Assignment → Once the pictures have been set aside, copy every remaining entry exactly.

Source material →
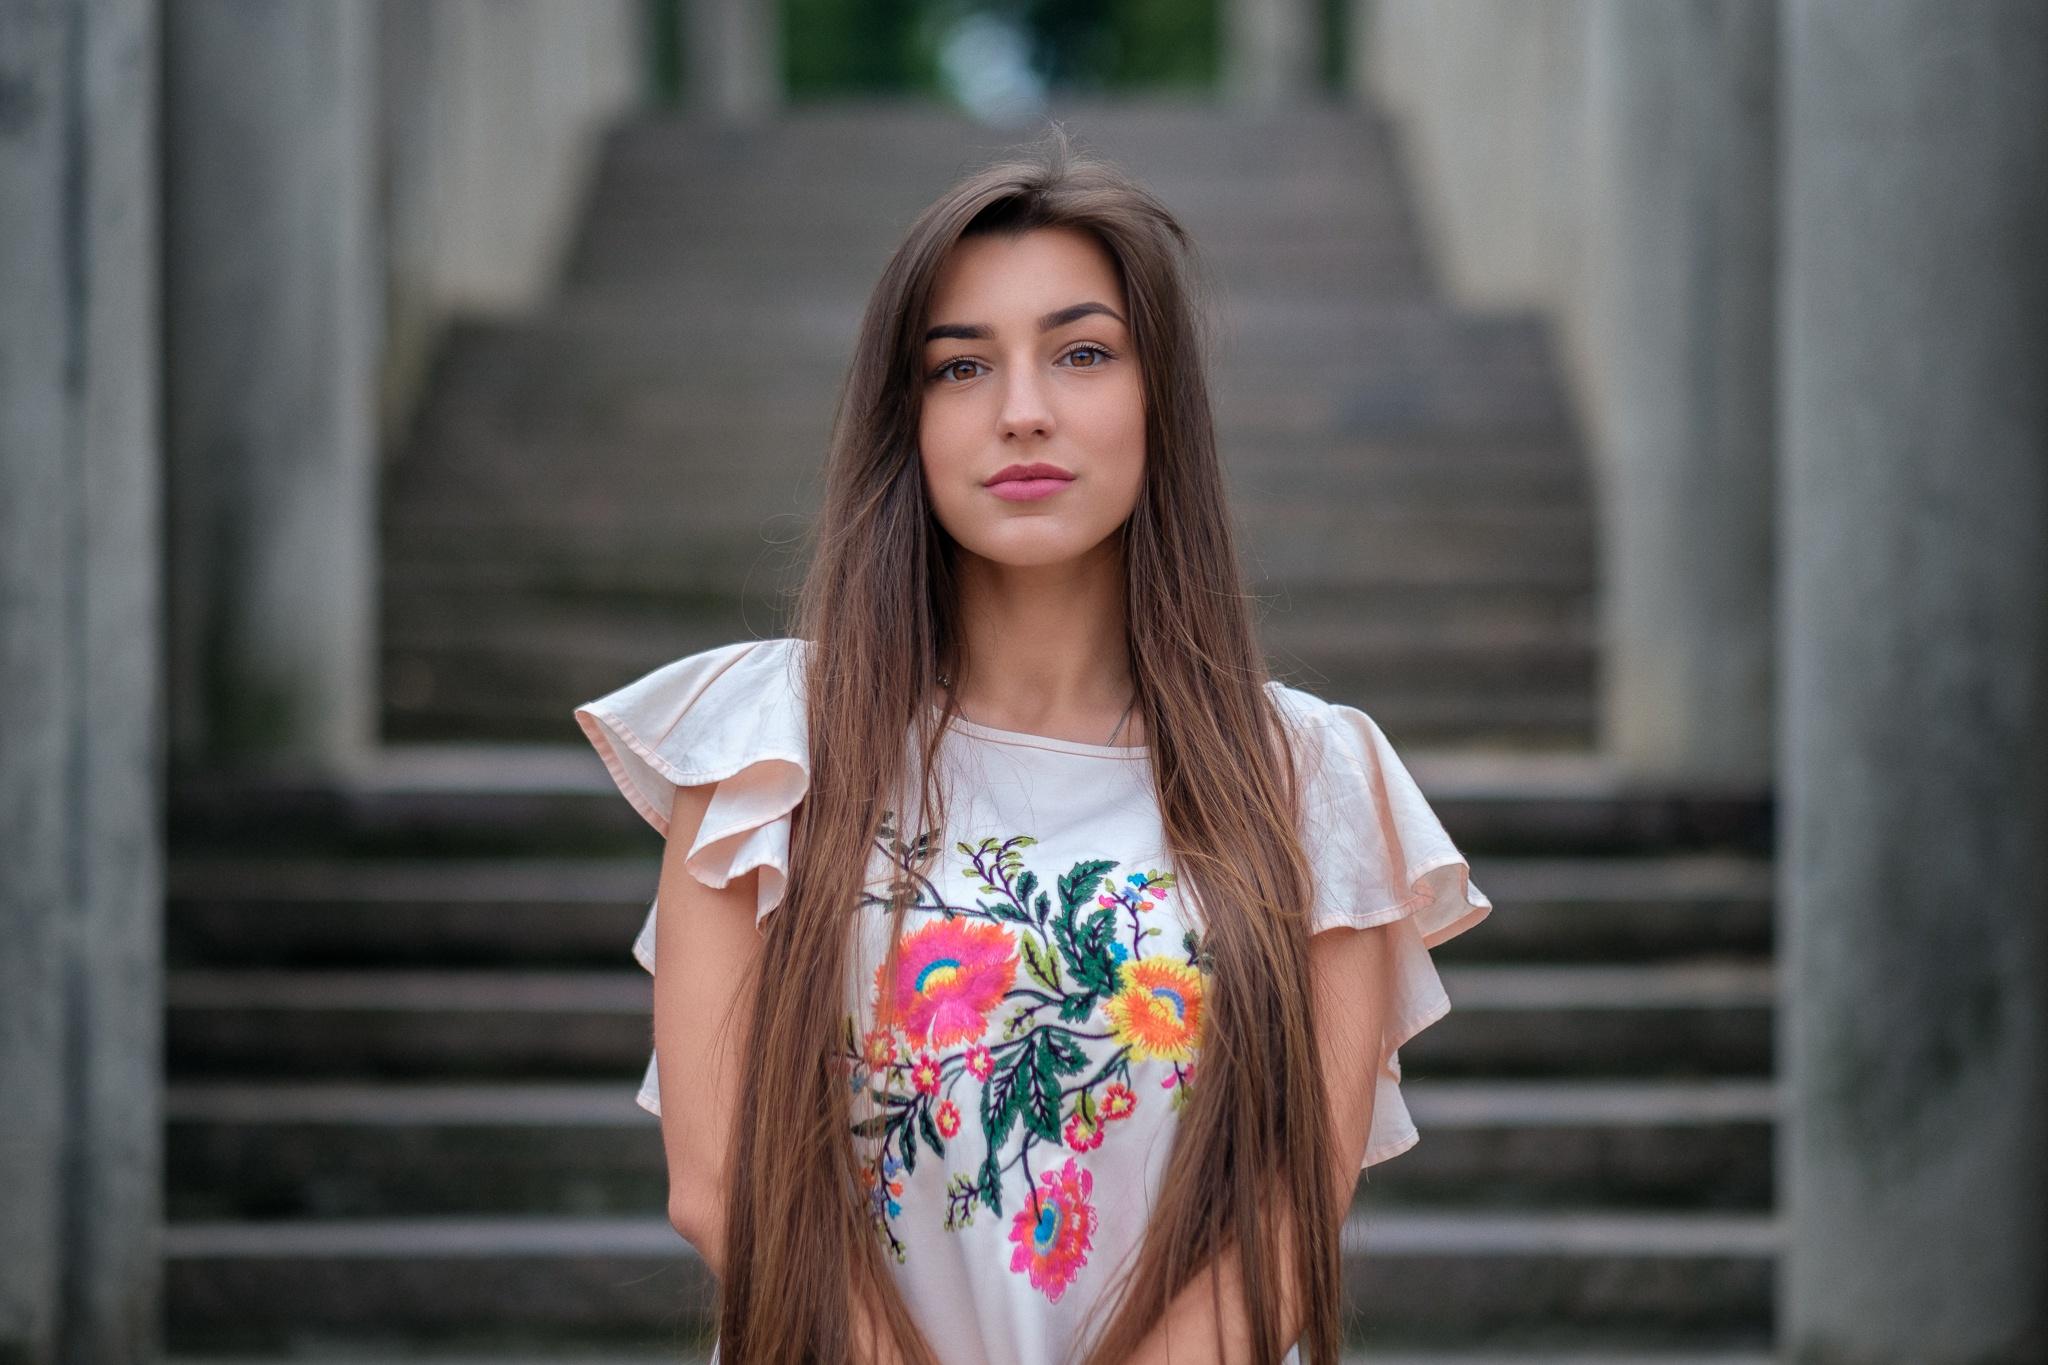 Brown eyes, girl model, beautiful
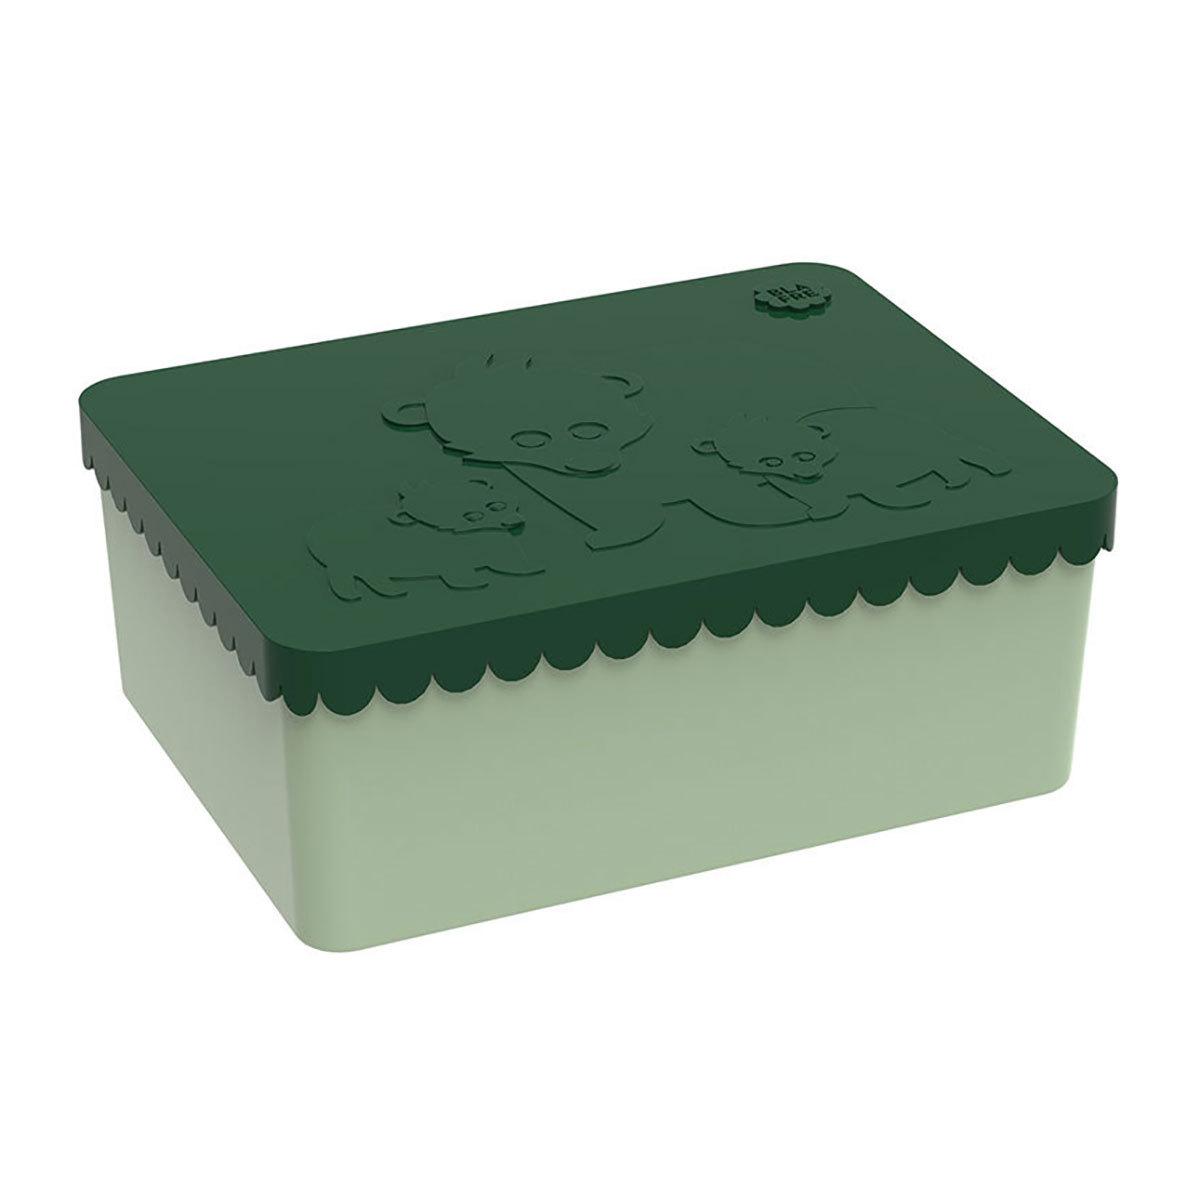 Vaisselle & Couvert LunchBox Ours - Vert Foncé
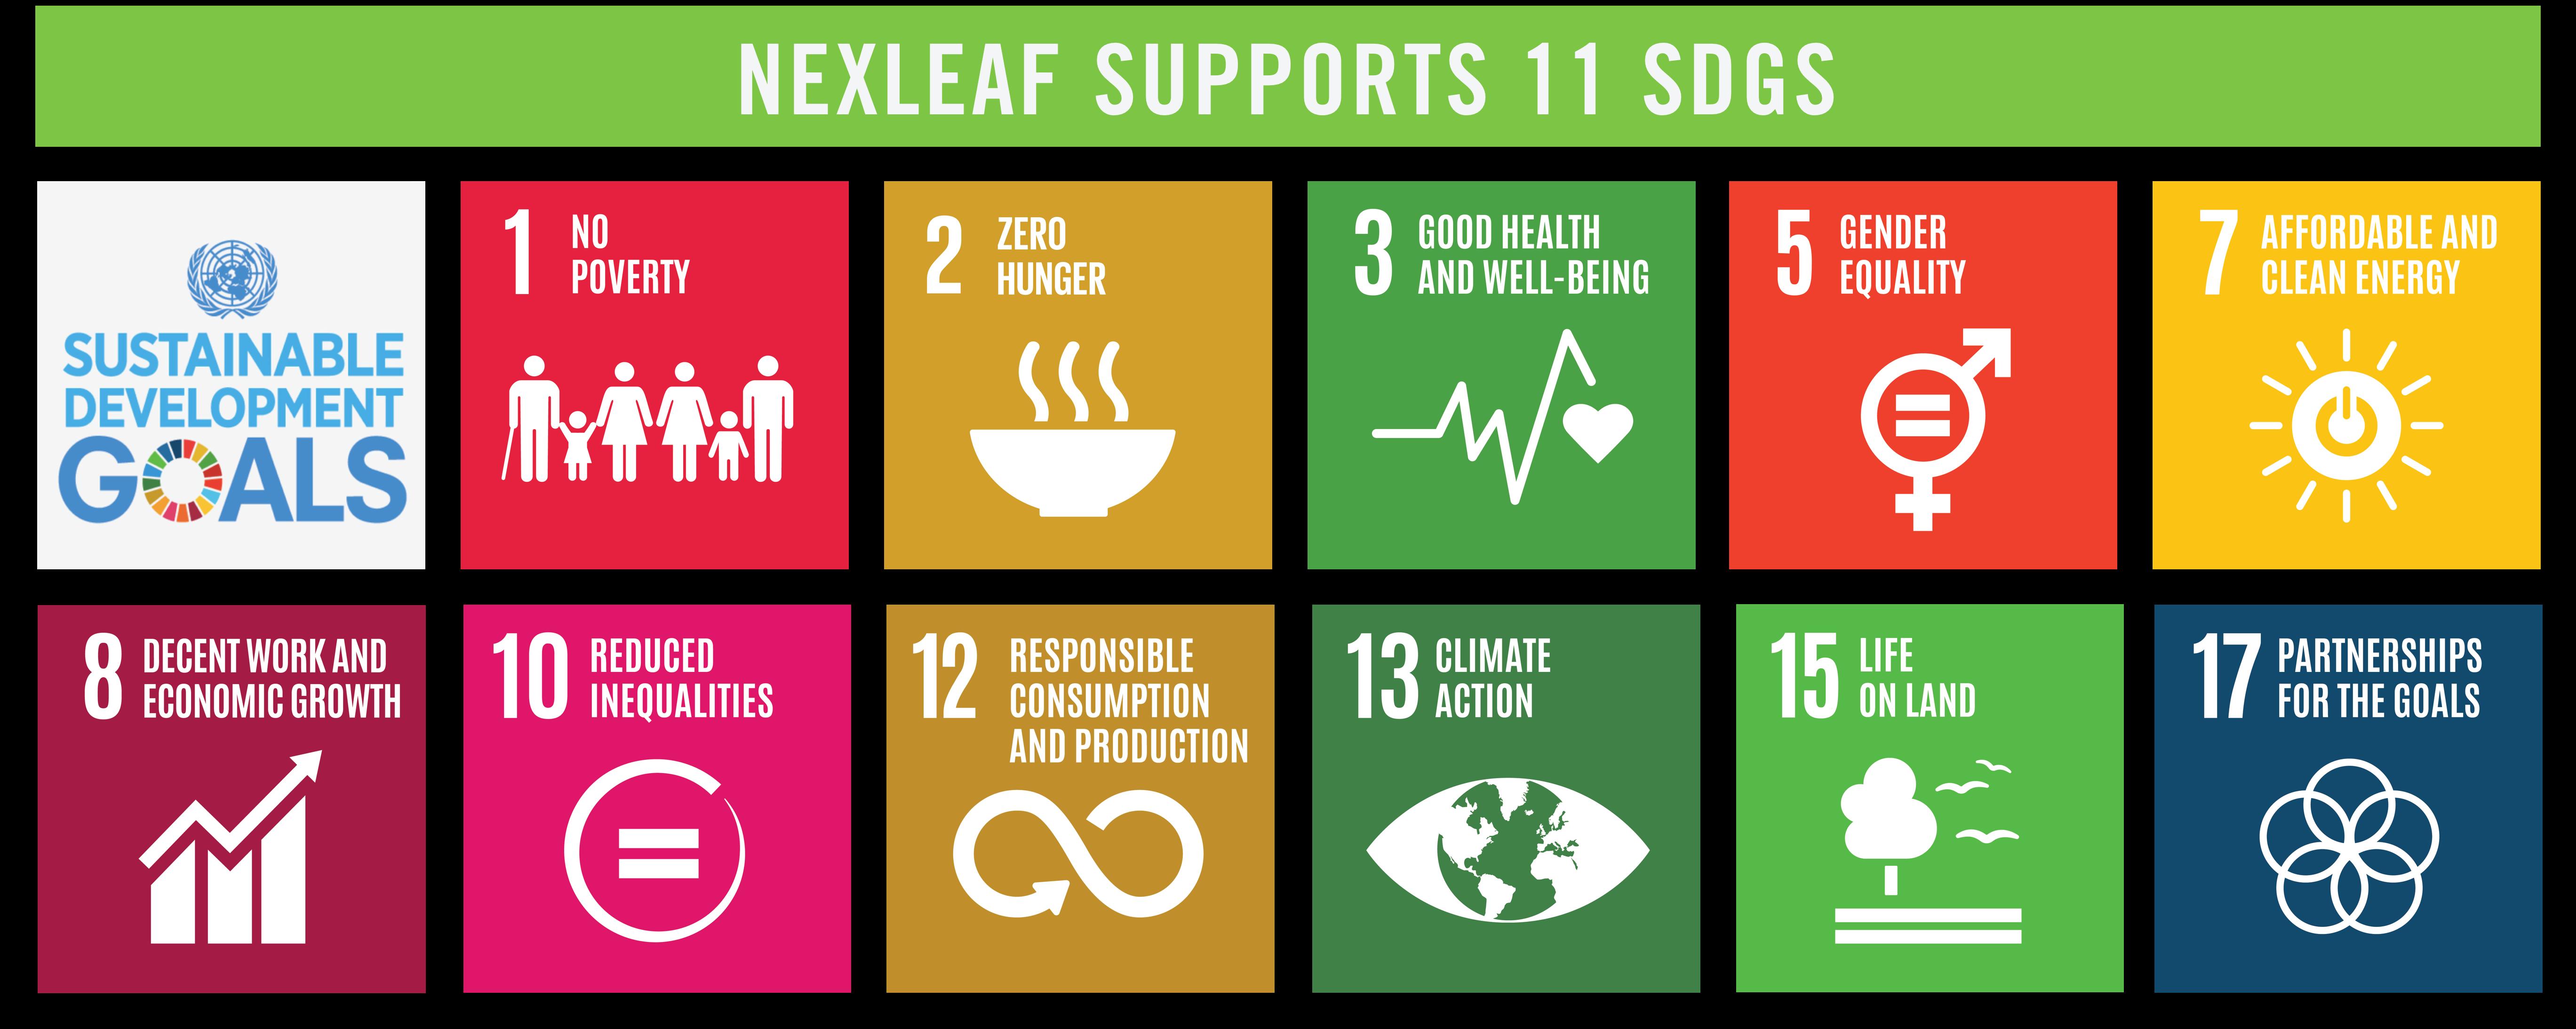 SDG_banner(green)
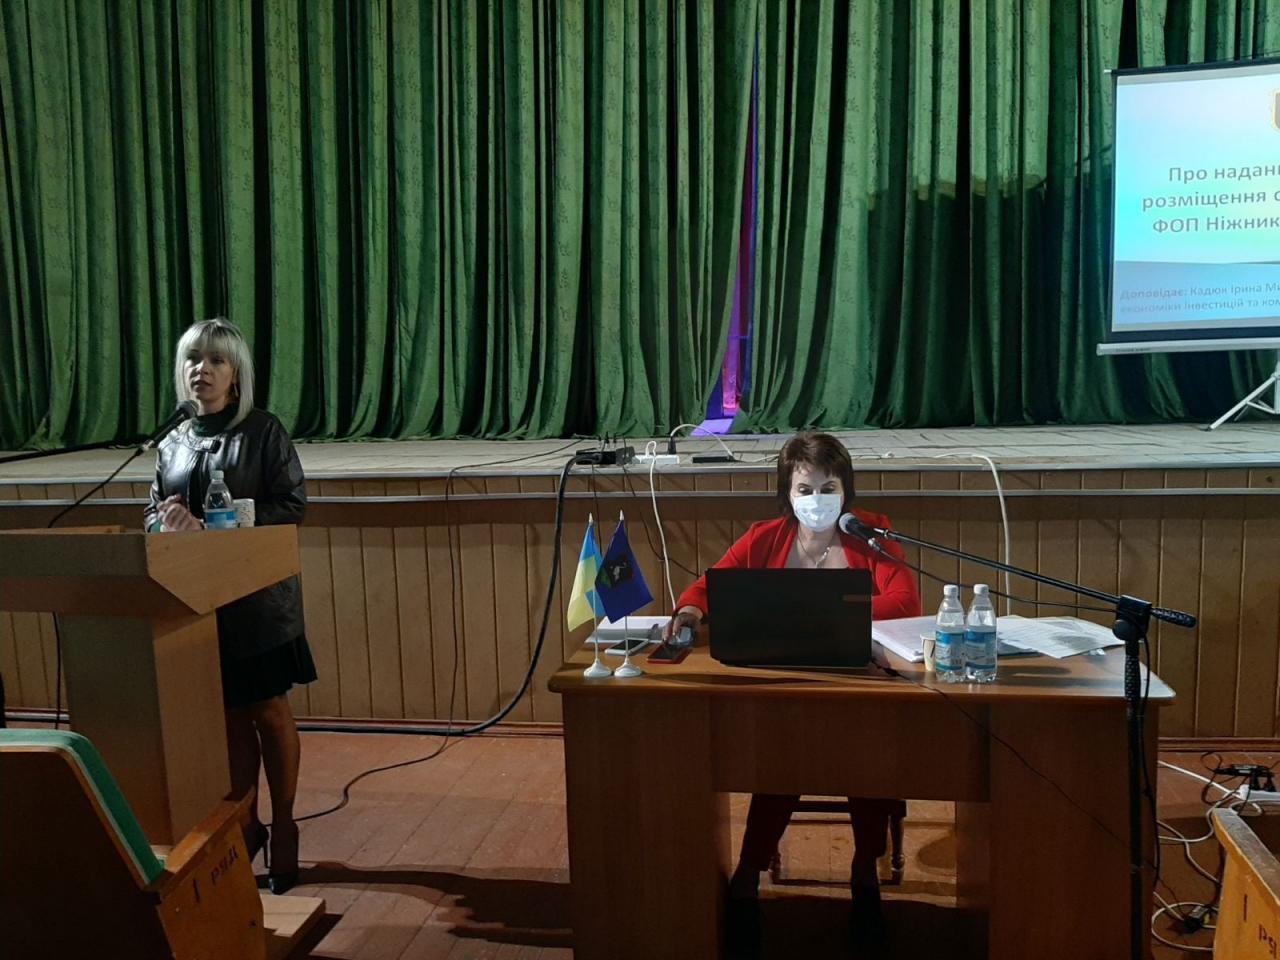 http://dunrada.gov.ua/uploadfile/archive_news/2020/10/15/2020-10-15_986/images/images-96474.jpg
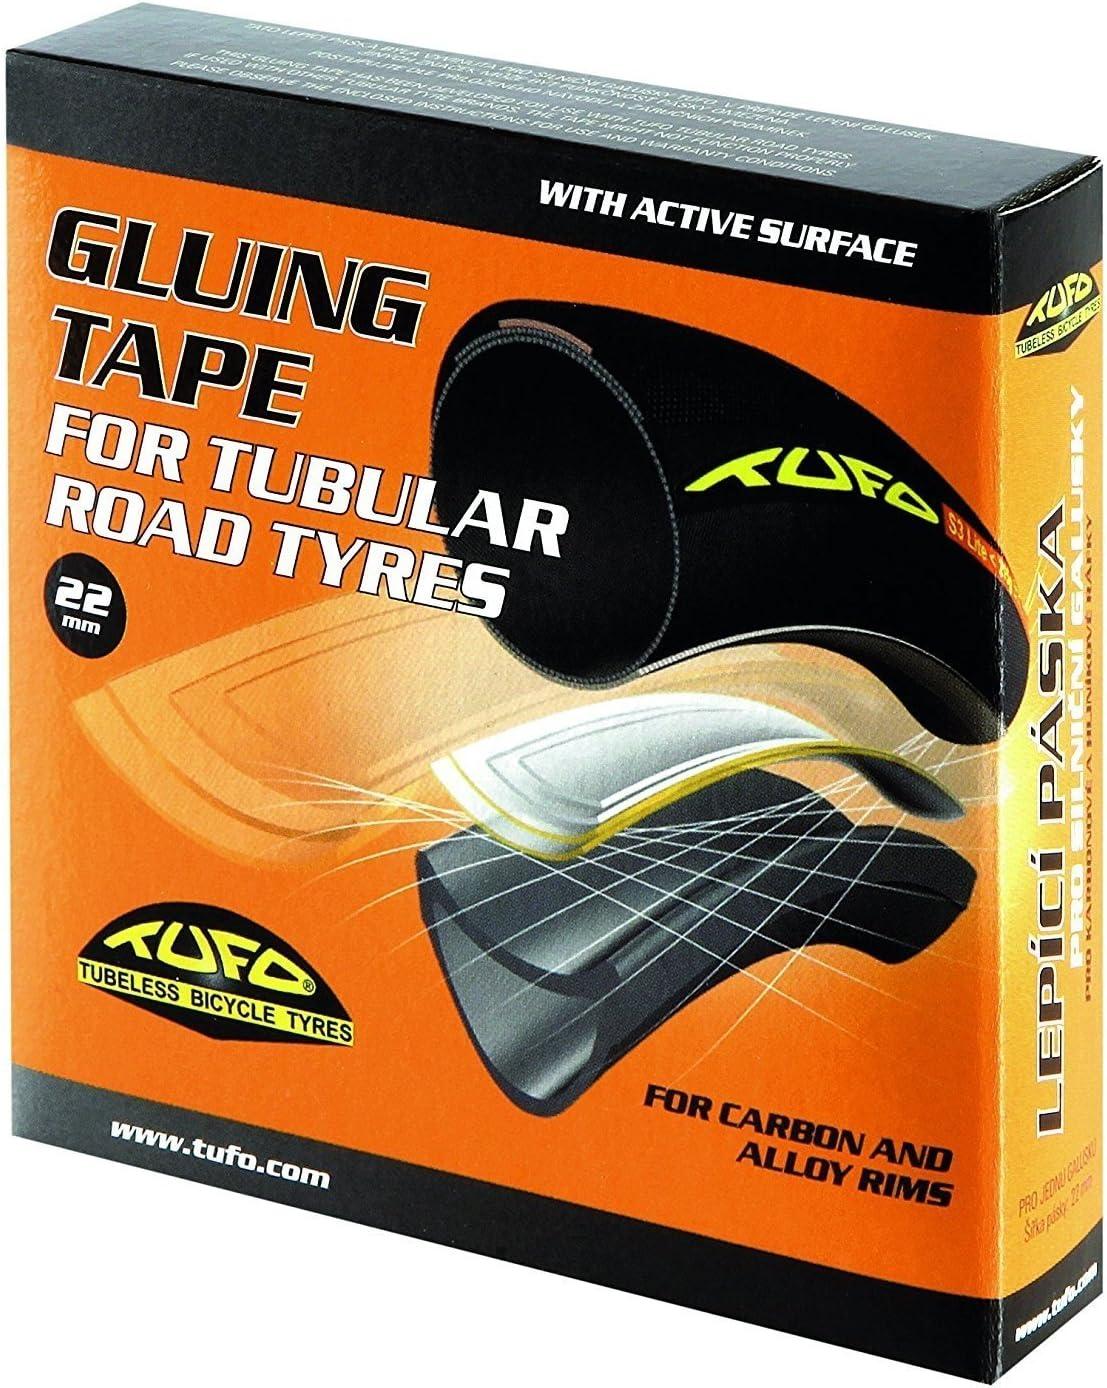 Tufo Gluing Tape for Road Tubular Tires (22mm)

Task output →
 Brown eyes, girl model, beautiful
 Vaisselle & Couvert LunchBox Ours - Vert Foncé
 SDG_banner(green)
 http://dunrada.gov.ua/uploadfile/archive_news/2020/10/15/2020-10-15_986/images/images-96474.jpg
 Tufo Gluing Tape for Road Tubular Tires (22mm)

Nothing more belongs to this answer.